* _Work to complete_: Taking the line with "Elefanti alla ricerca" as the first and the last line of the listing as the final one, please copy exactly those lines and no others, without pictures.

* _Dataset extract_:

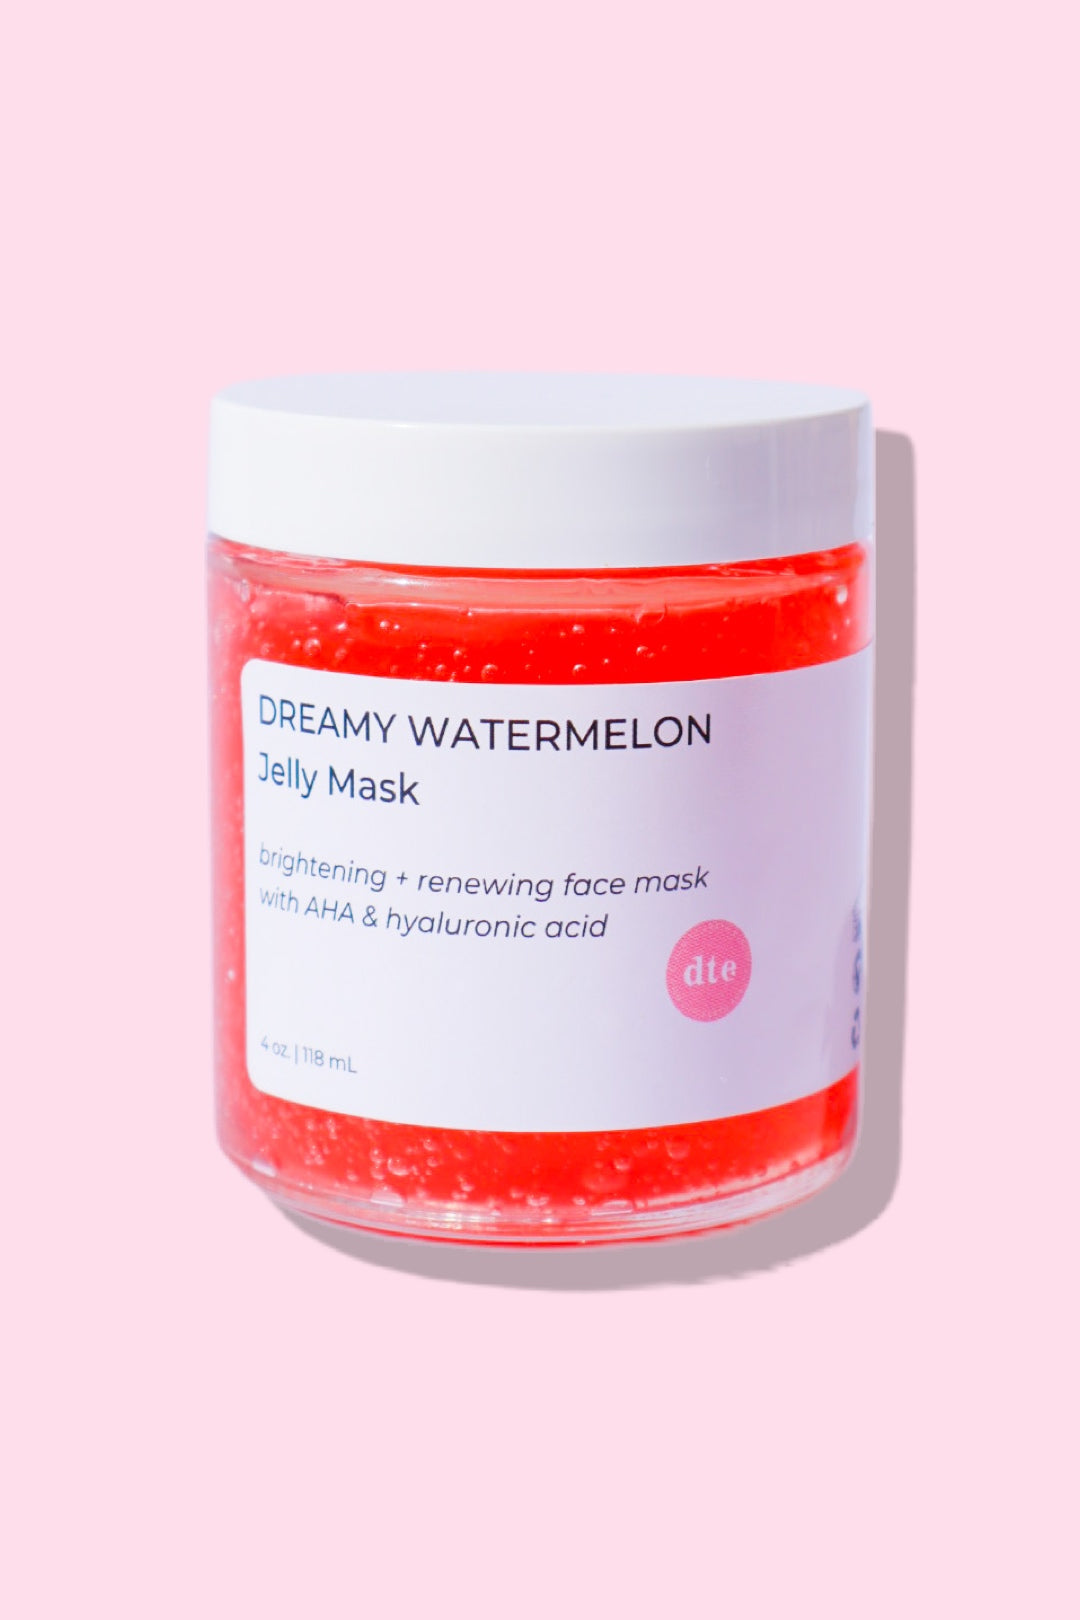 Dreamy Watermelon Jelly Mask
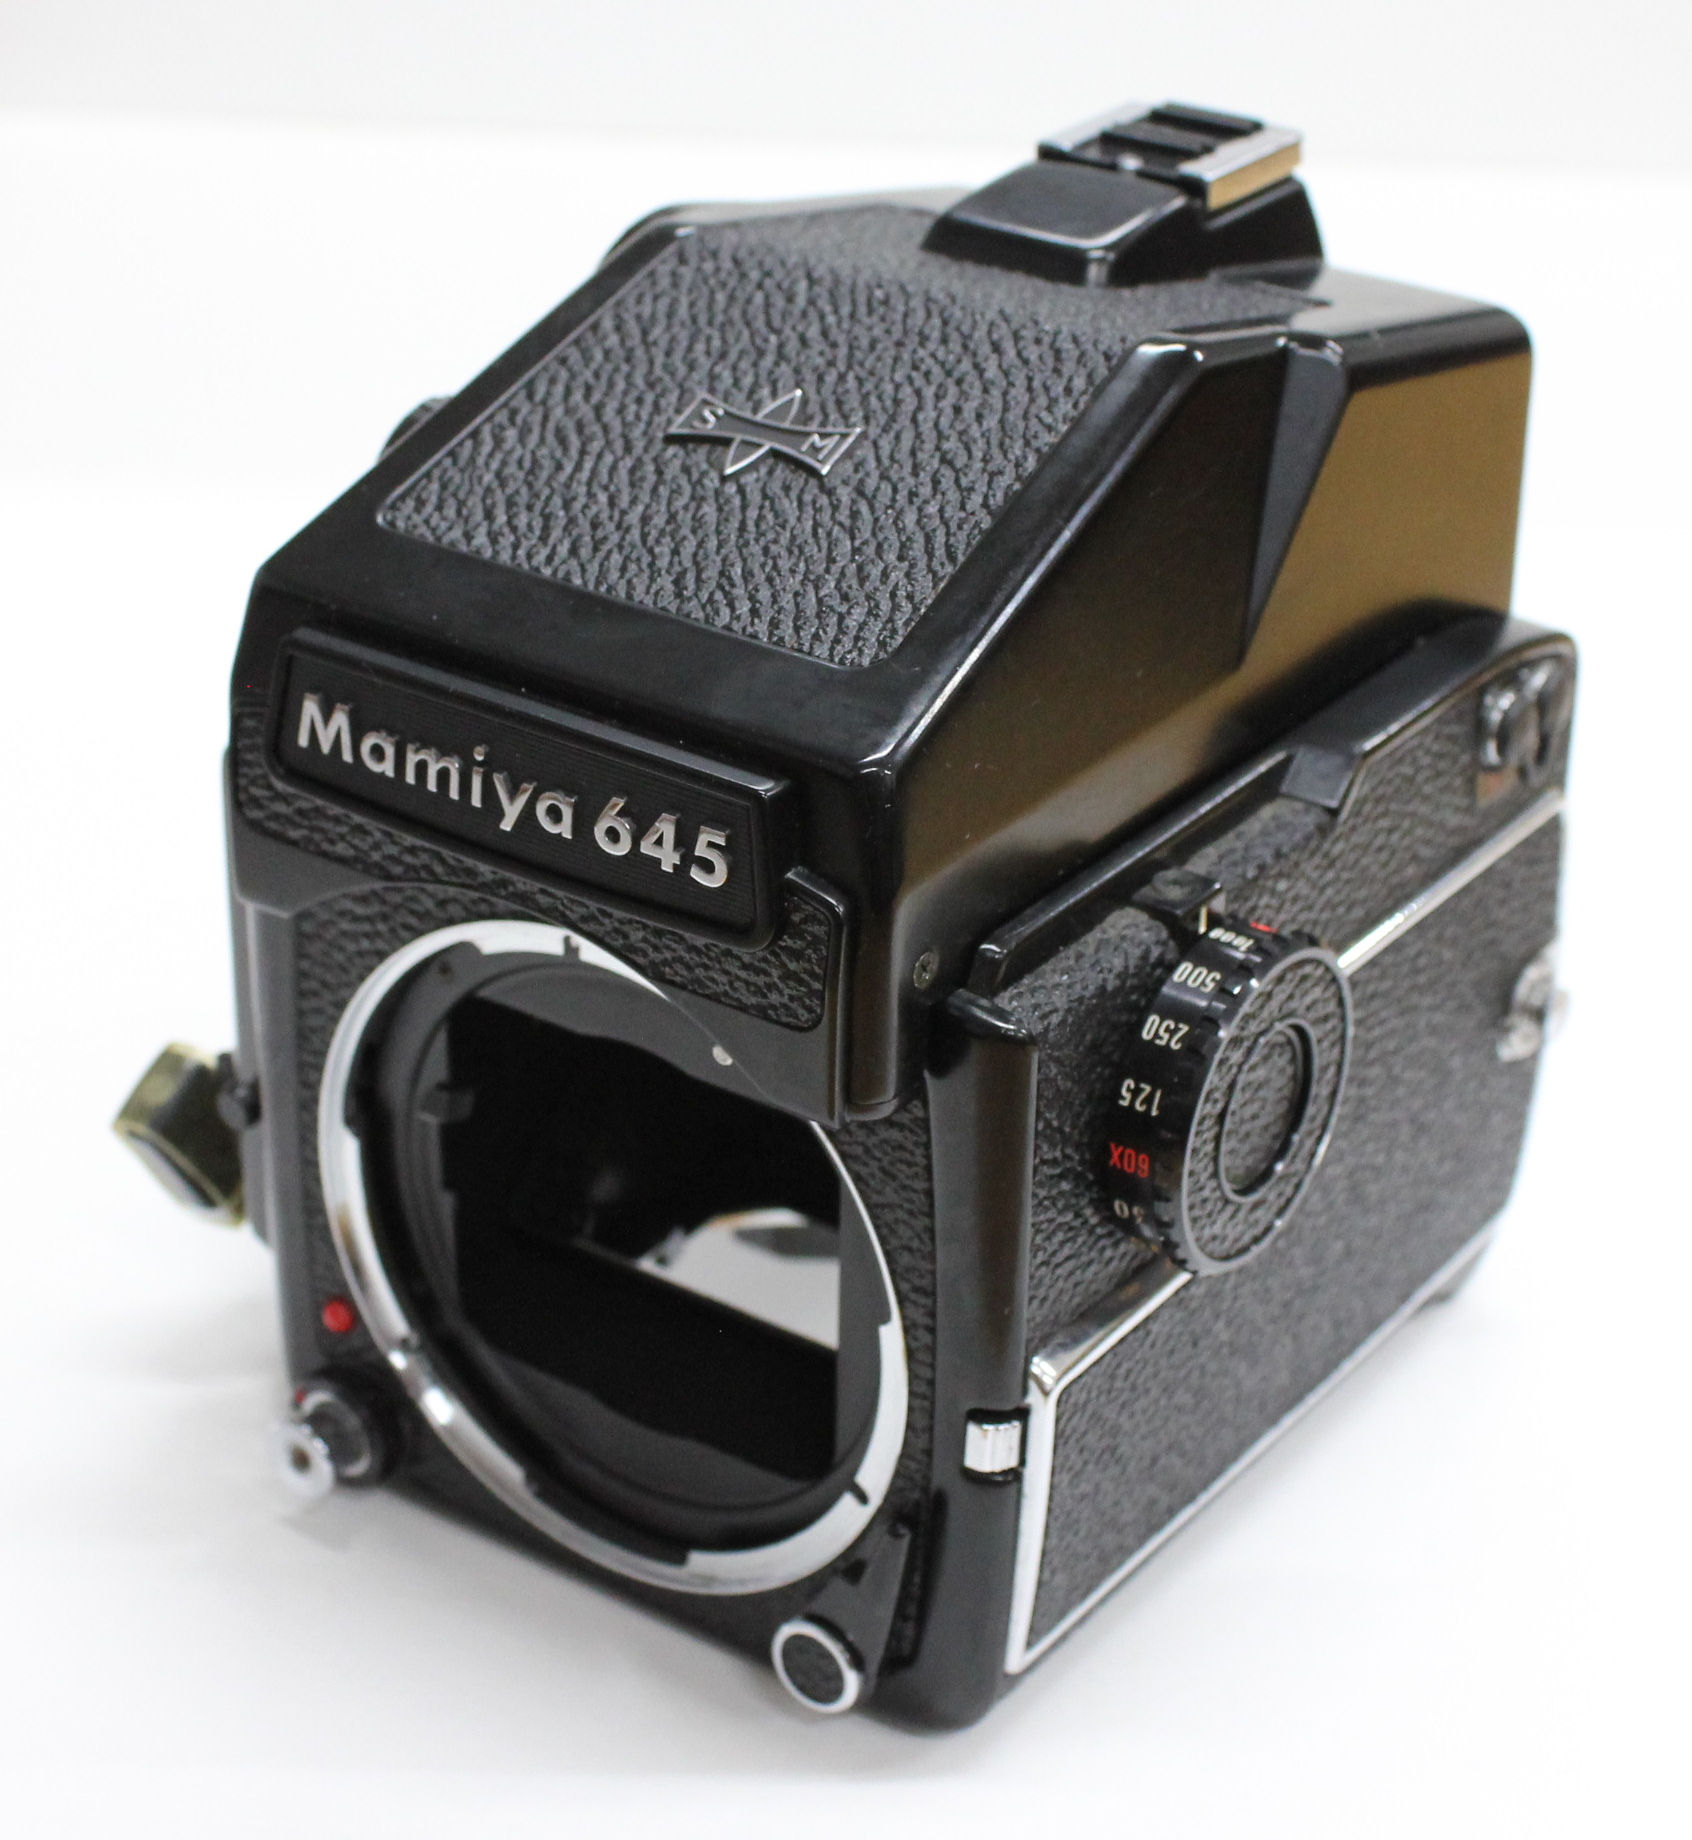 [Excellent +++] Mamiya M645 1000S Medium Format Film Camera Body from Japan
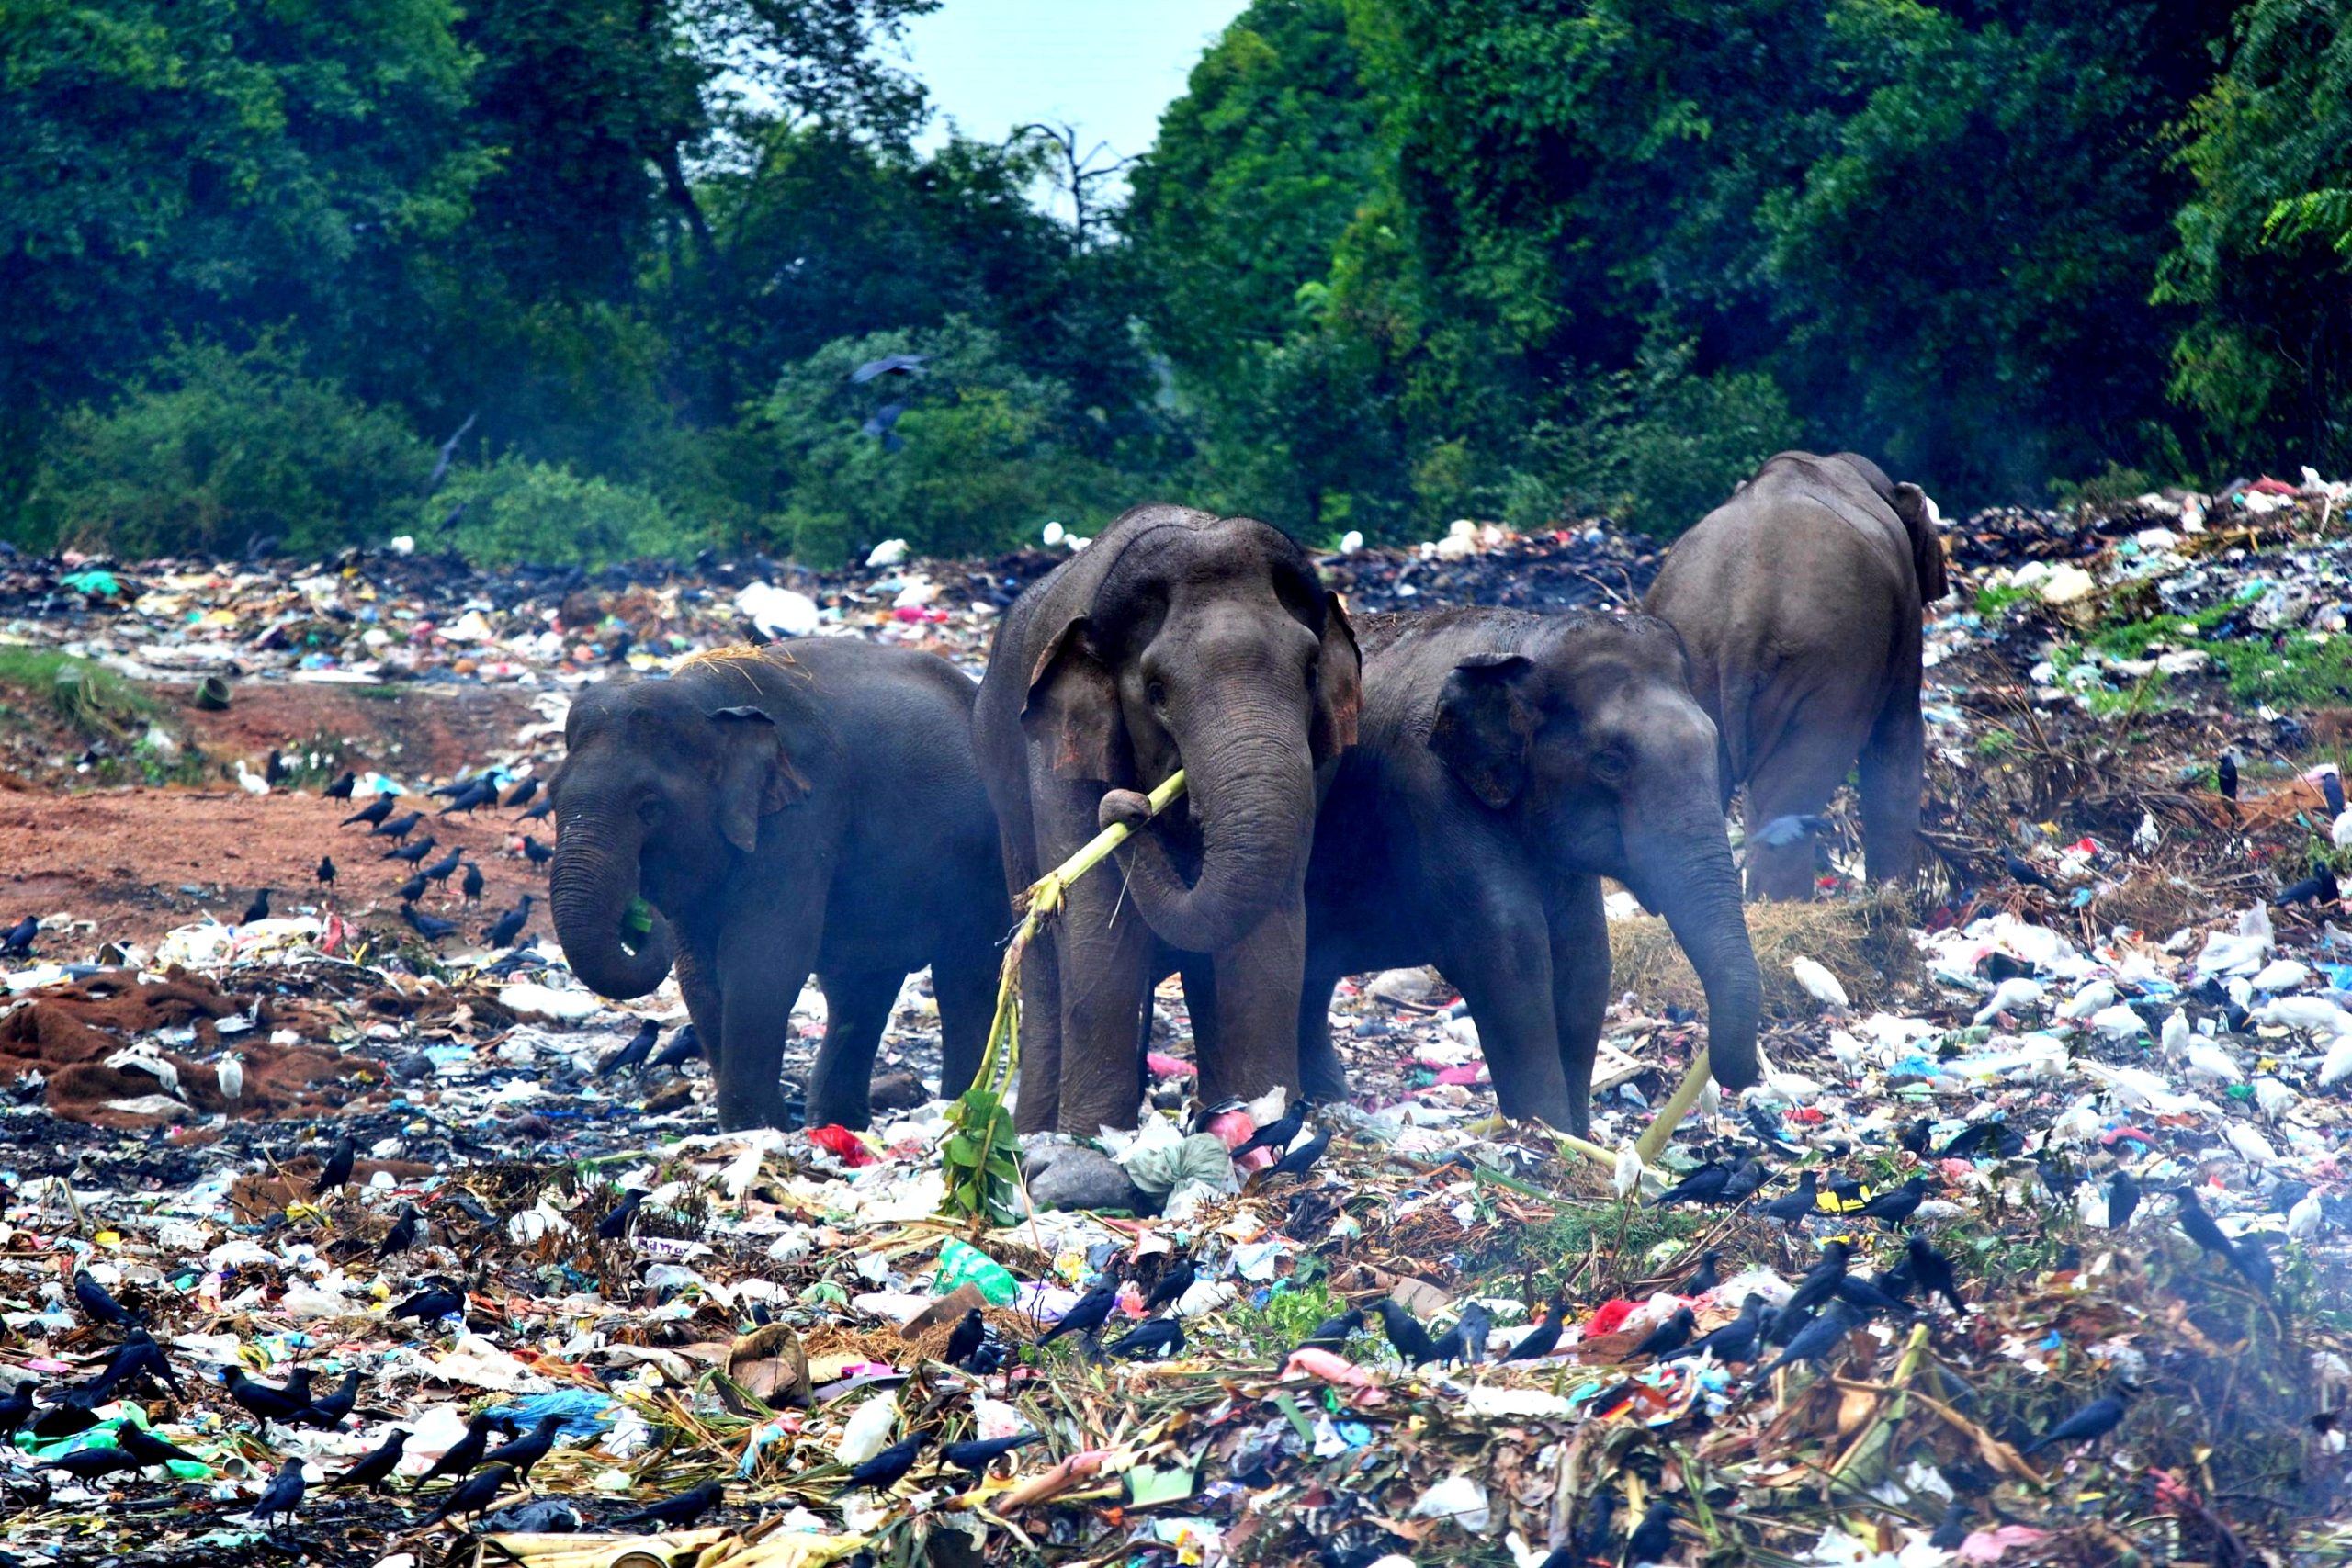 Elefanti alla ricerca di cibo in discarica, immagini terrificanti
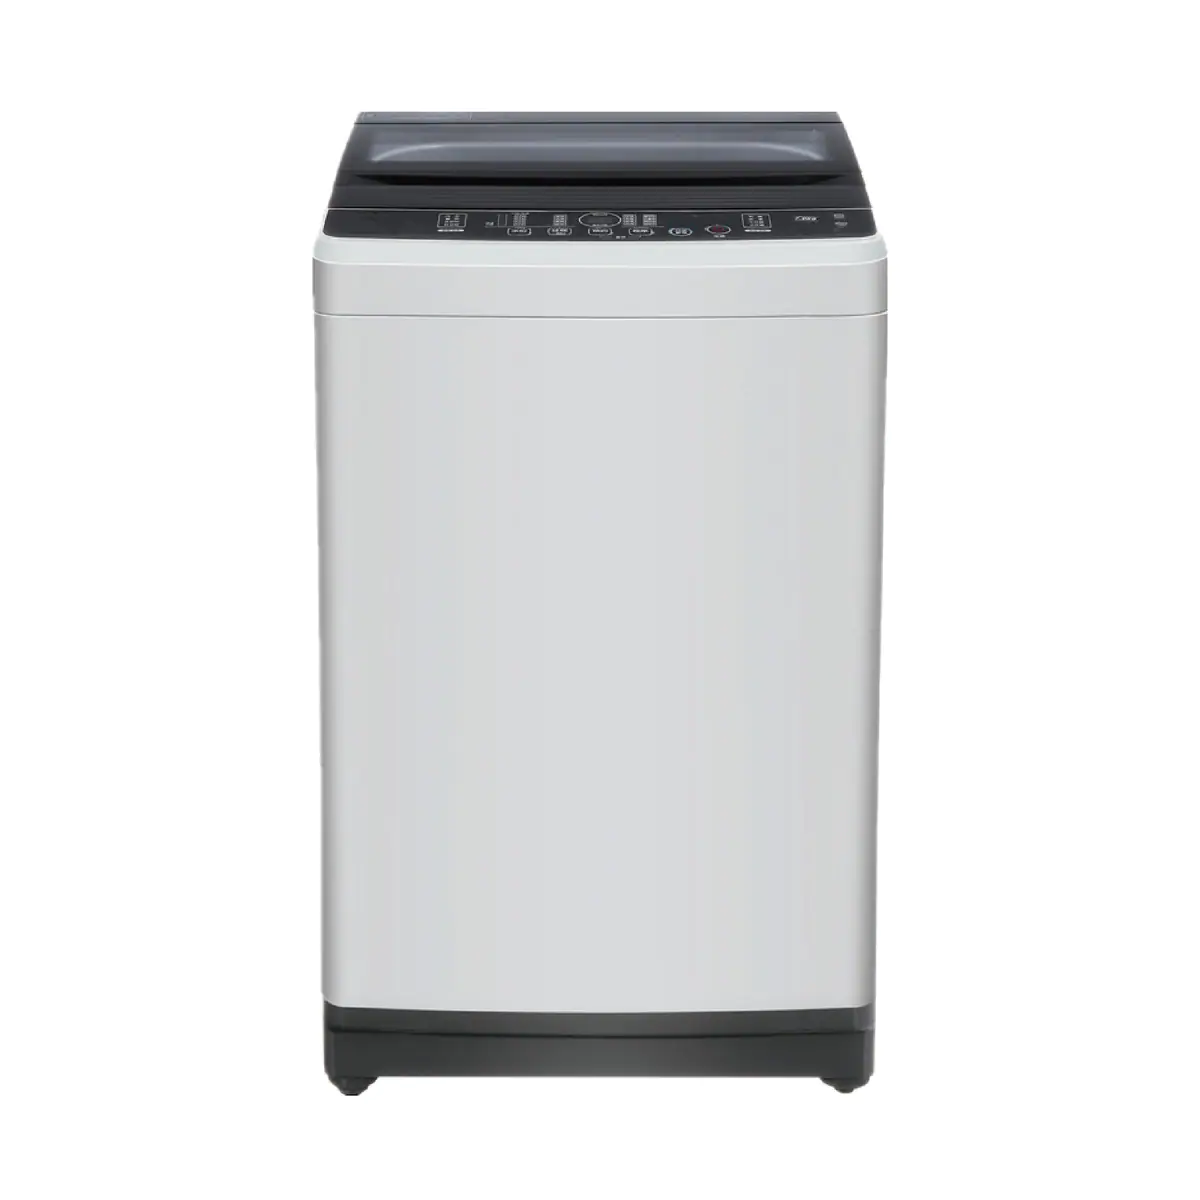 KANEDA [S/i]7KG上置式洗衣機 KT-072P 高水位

* _Result of the exercise_:
 Elefanti alla ricerca di cibo in discarica, immagini terrificanti
 KANEDA [S/i]7KG上置式洗衣機 KT-072P 高水位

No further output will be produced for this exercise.